-- INSTRUCTIONS FOR THE TASK --
Without including any pictures, write out the data below exactly.

-- PROVIDED MATERIAL --

◇ ◇ ◇

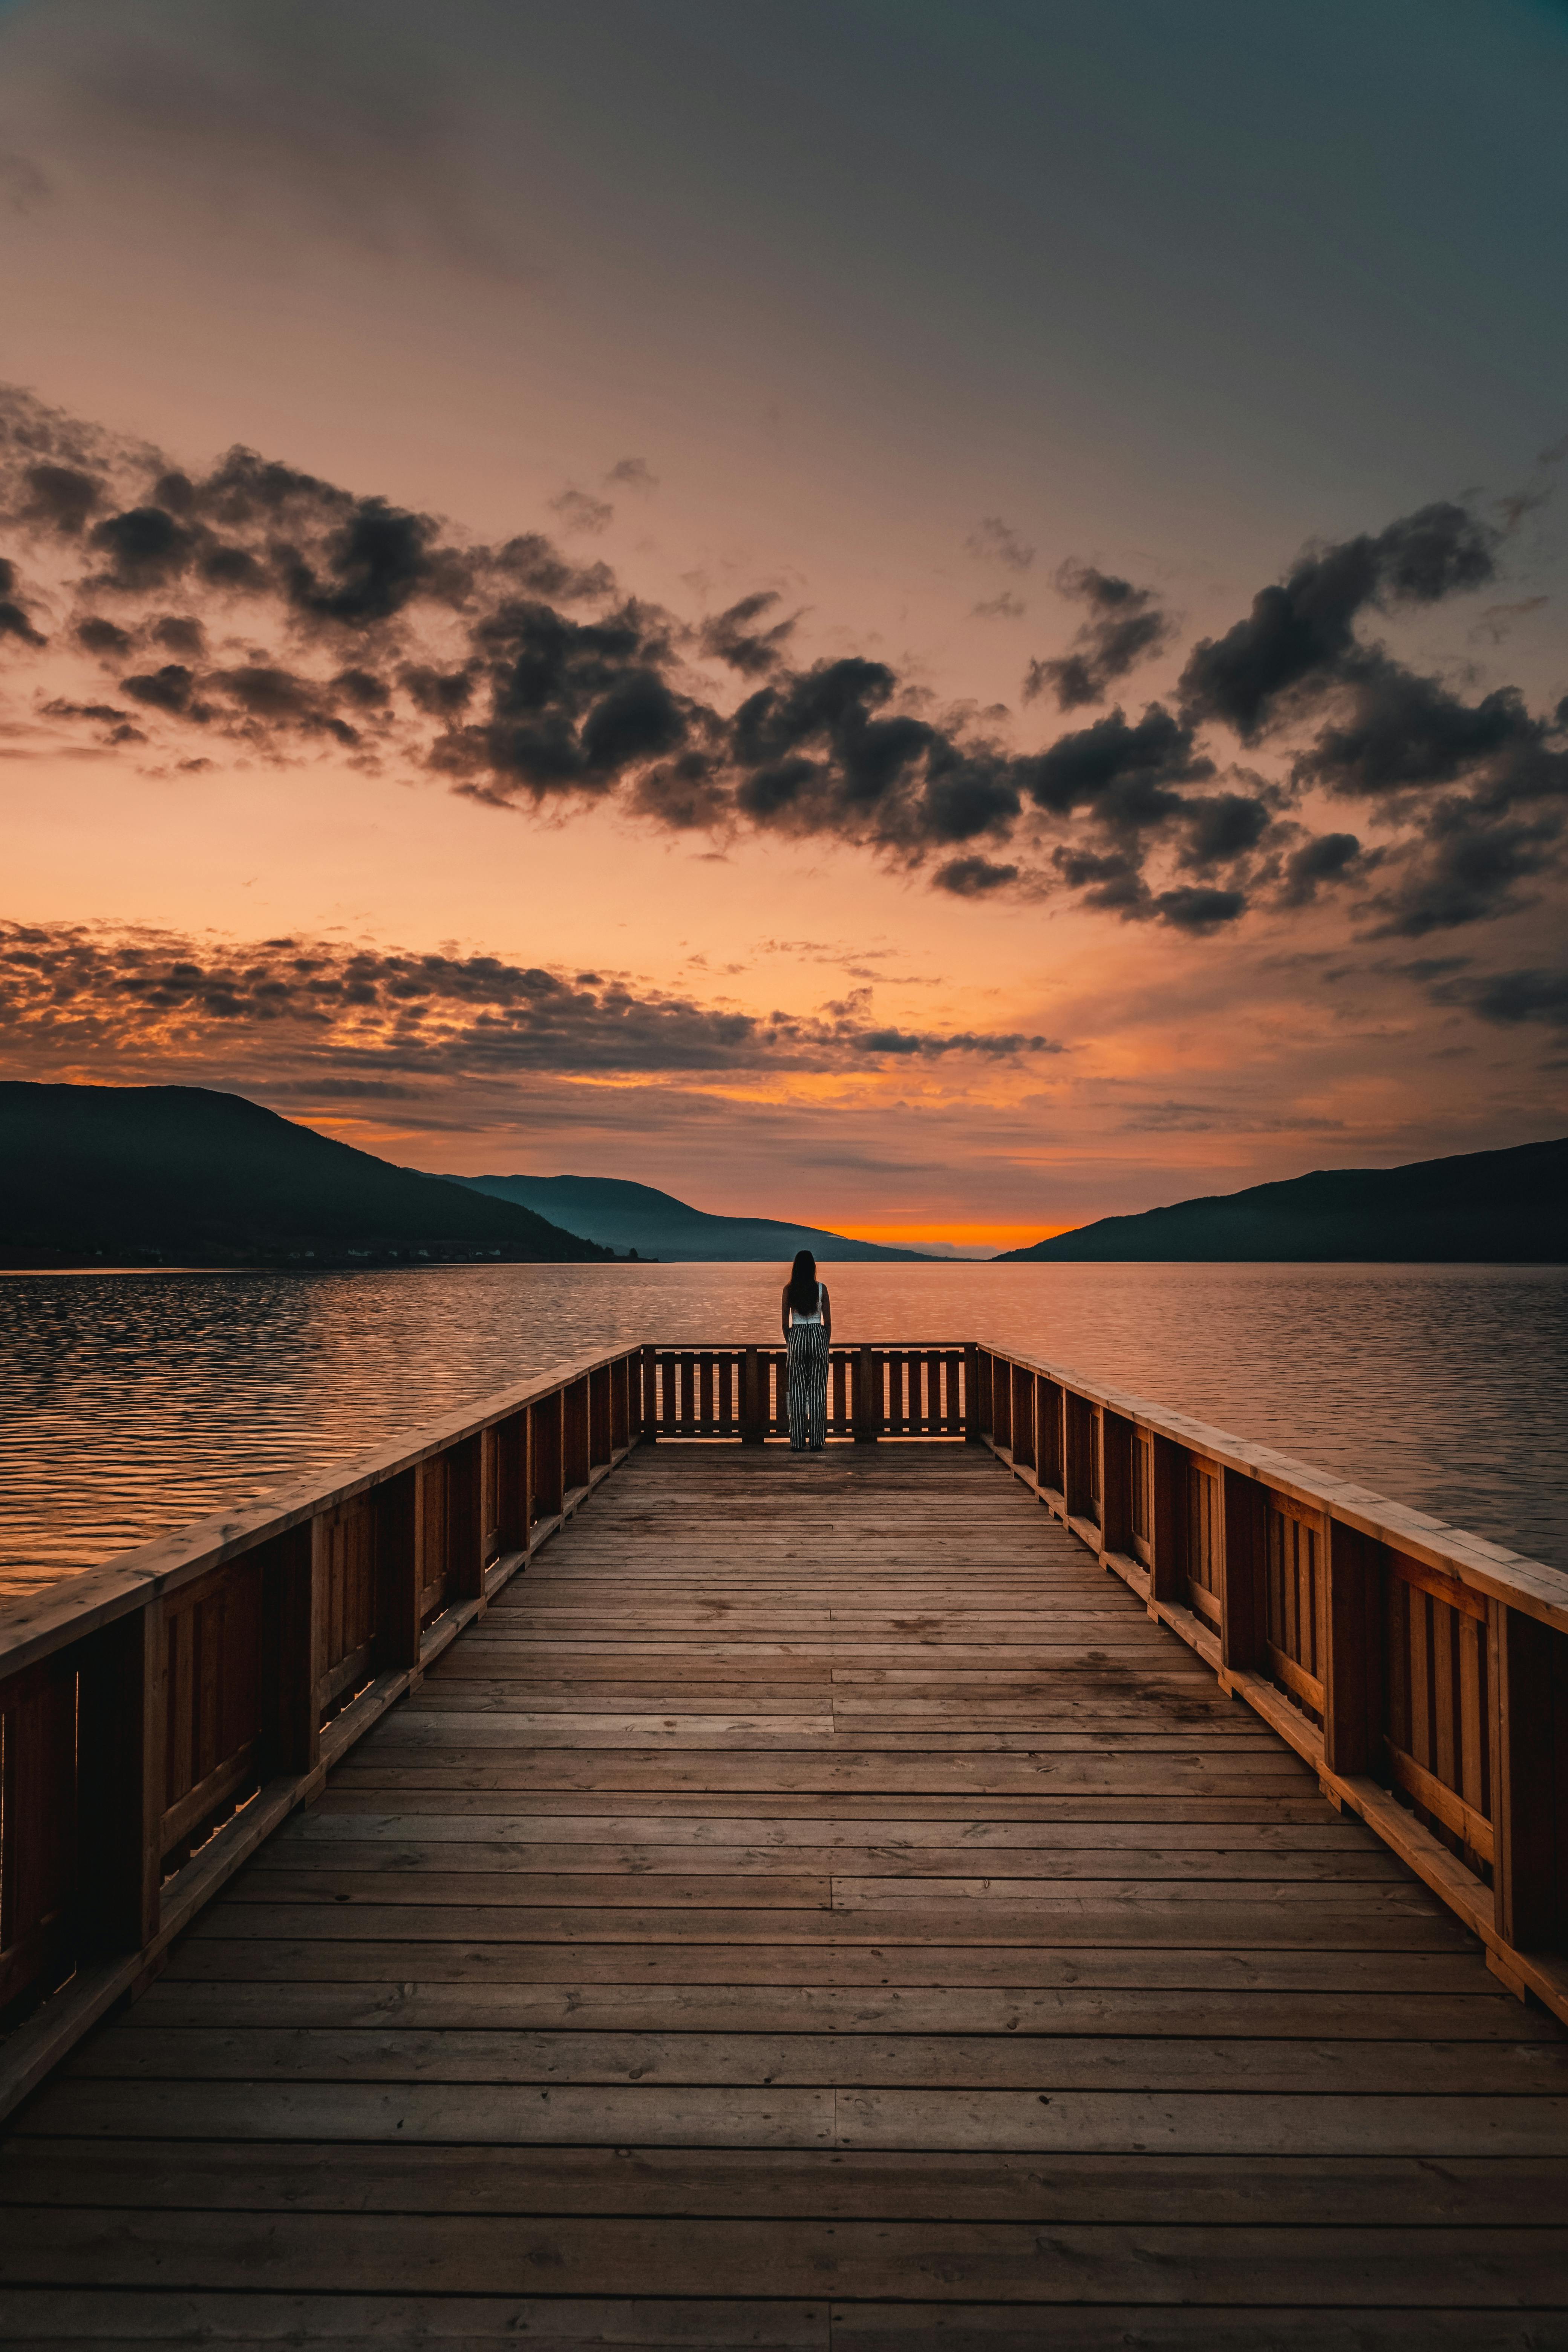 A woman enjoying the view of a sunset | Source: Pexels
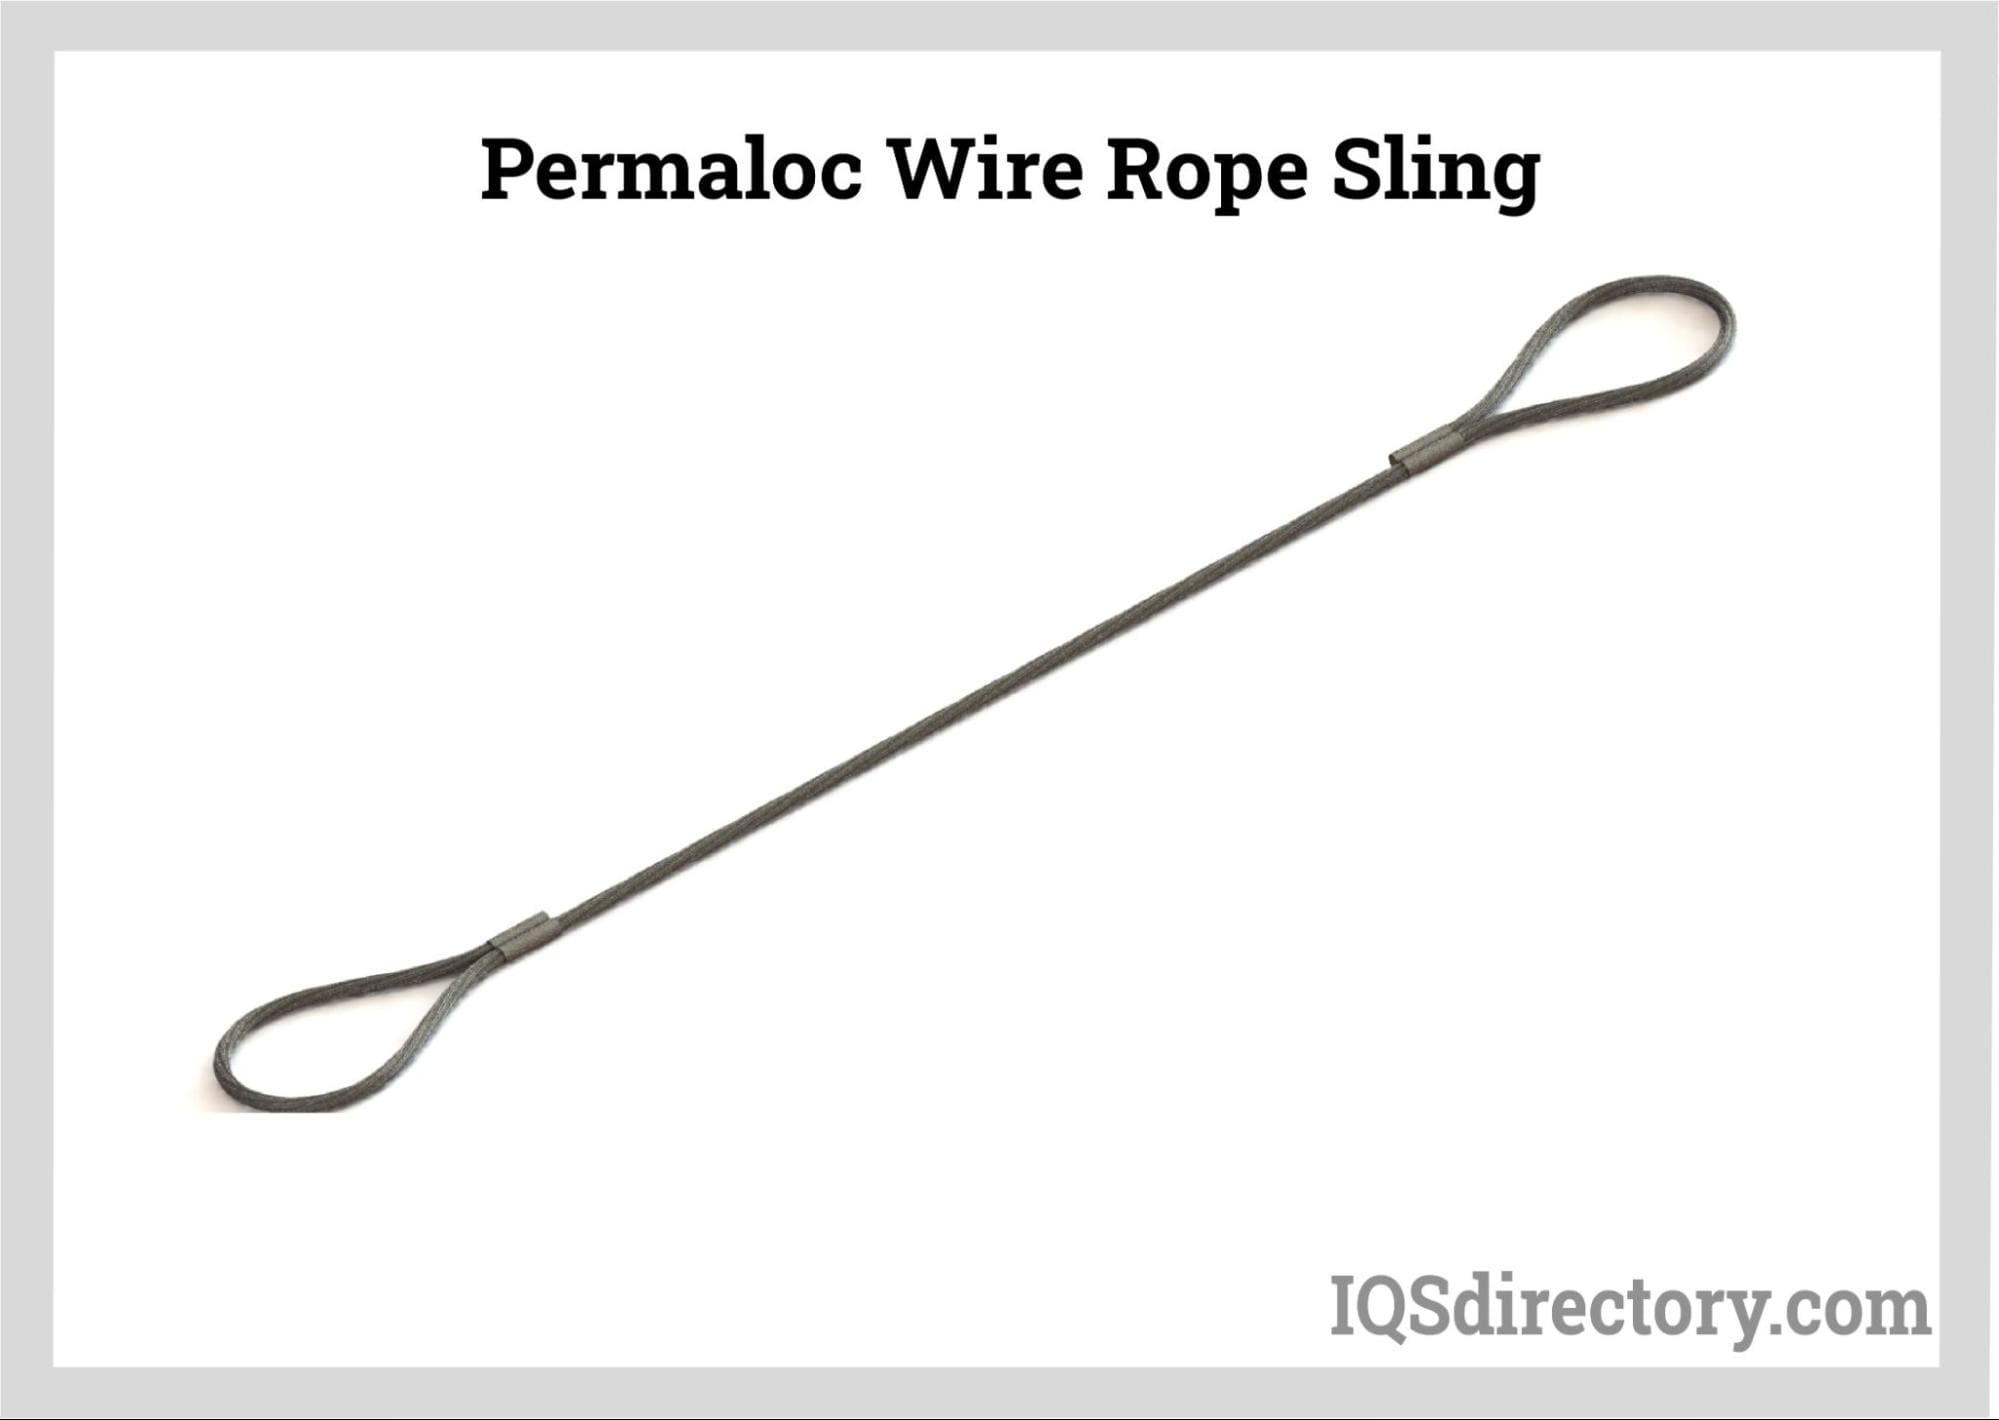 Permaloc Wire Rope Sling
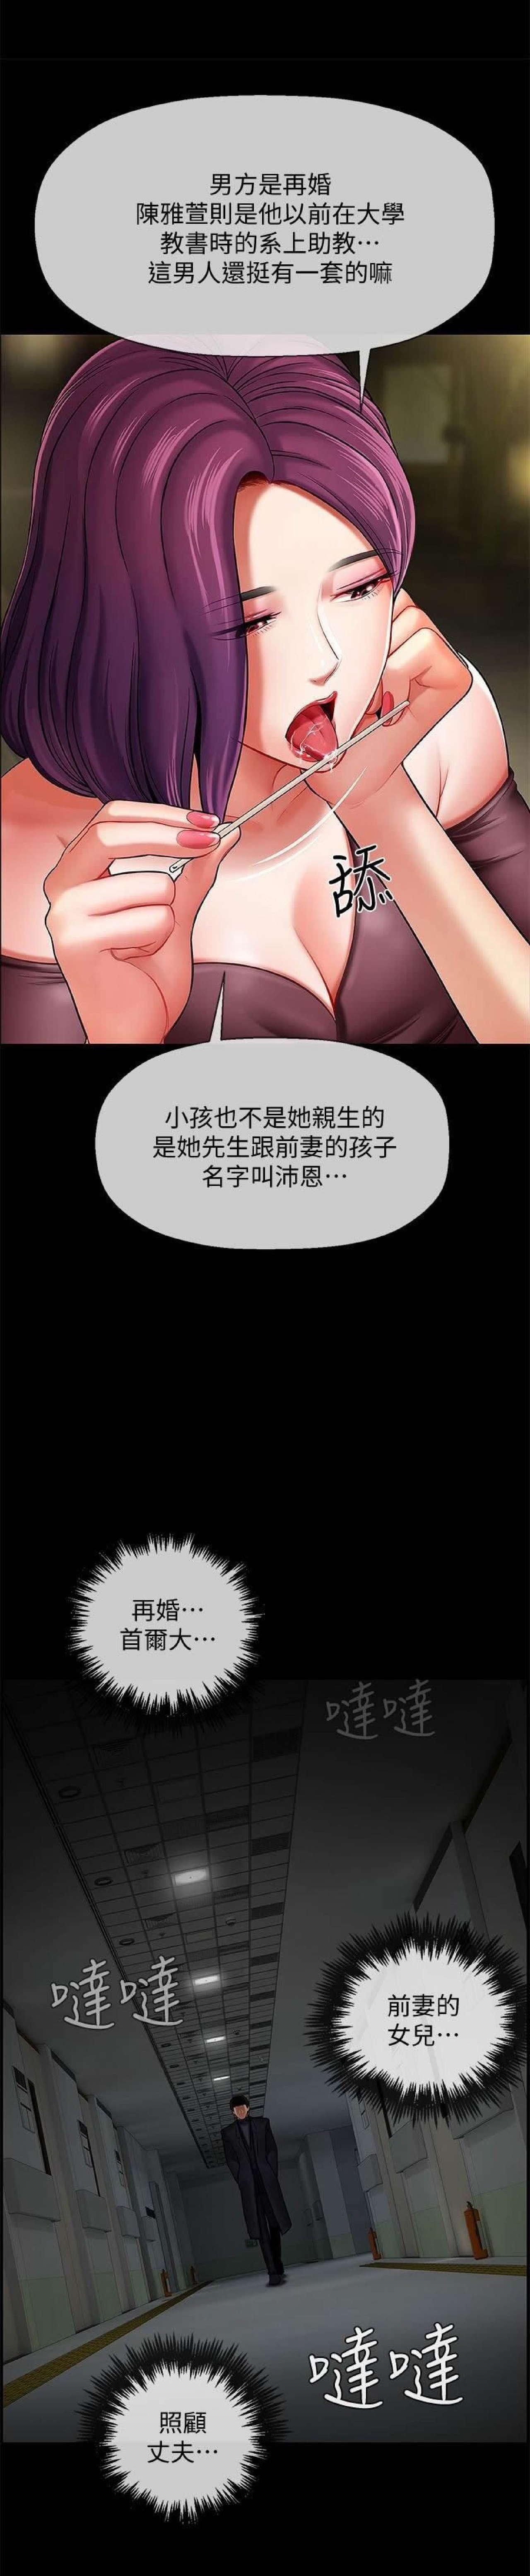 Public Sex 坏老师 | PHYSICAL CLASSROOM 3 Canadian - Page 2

◇ ◇ ◇

-- TASK RESULT --
 A woman enjoying the view of a sunset | Source: Pexels
 Permaloc Wire Rope Sling
 Public Sex 坏老师 | PHYSICAL CLASSROOM 3 Canadian - Page 2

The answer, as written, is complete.